Predicting Cycling Accident Risk in Brussels: A Spatial Case-Control Approach

City:	Brussels, Brussels-Capital Region, Belgium
Organization:	Center for Operations Research and Econometrics, Université catholique de Louvain
Project Start Date:	2012 (Inferred)
Project End Date:	28 June 2013
Reference:	Vandenbulcke, G., Thomas, I., Int Panis, L. (2014). "Predicting cycling accident risk in Brussels: a spatial case-control approach", In Accident Analysis and Prevention, Vol. 62, pp. 341-357.
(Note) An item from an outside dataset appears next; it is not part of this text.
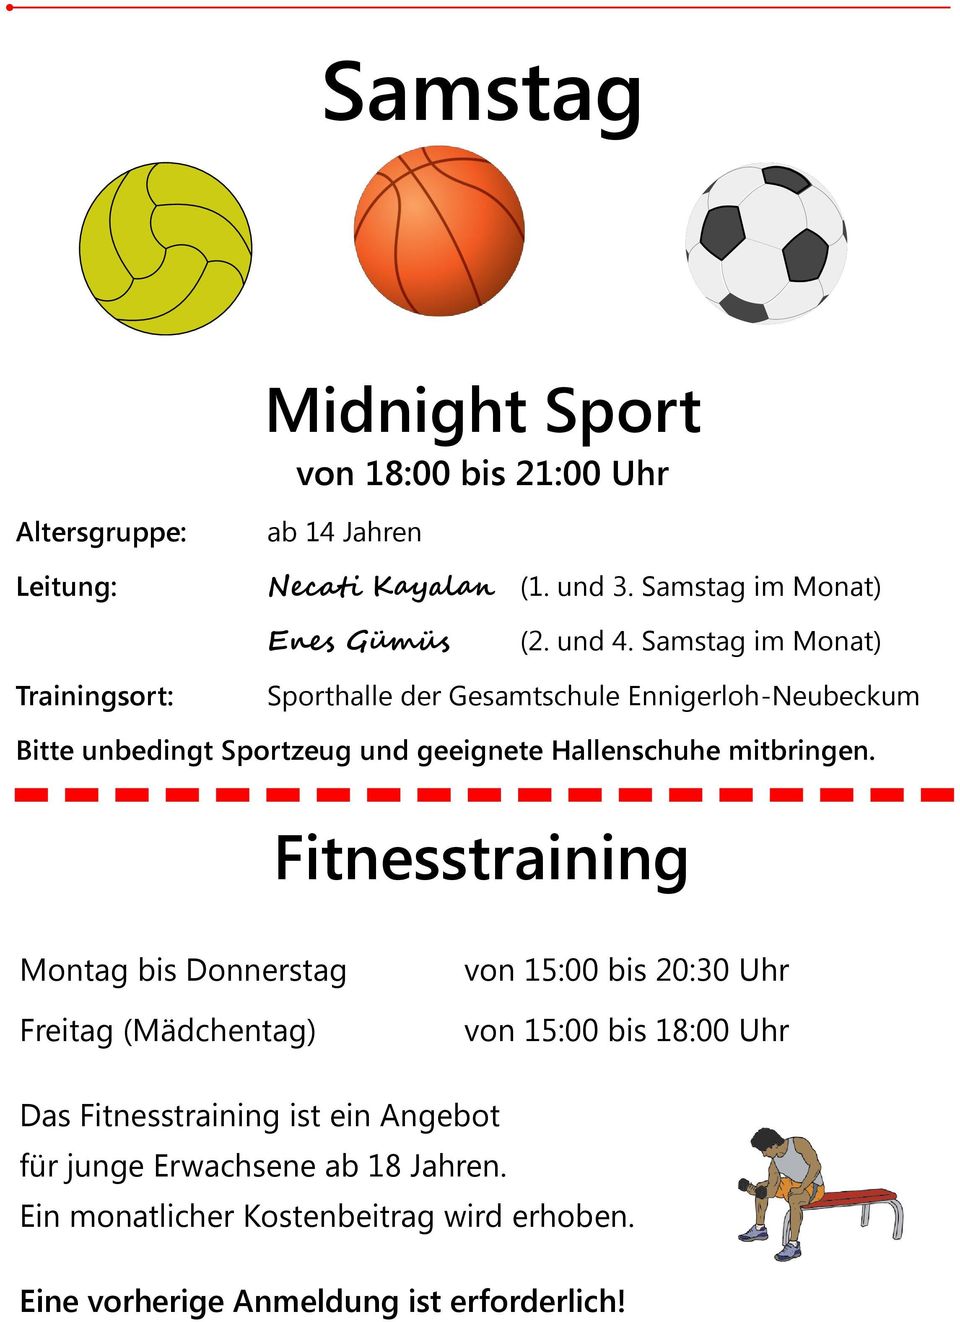 Samstag im Monat) Trainingsort: Sporthalle der Gesamtschule Ennigerloh-Neubeckum Bitte unbedingt Sportzeug und geeignete Hallenschuhe

Problem:	Despite being the most highly urbanised part of Belgium, cycling mode share in the Brussels-Capital Region (BCR) is estimated to be less than 4%. Although there is increased interest in cycling rates, high cycling accident rates deter most residents from utility cycling. Currently, 62% of car trips are less than 5 km, representing a significant opportunity for cycling if accident rates can be reduced. While it is known that infrastructure design affects accident rates, the impact of specific cycling facilities and road conditions on cycling accident risk is poorly studied. Thus, most attempts to reduce accidents focus on black spot analysis, i.e. looking at where accidents have been concentrated, rather than taking a network-level approach to predicting where accidents may occur.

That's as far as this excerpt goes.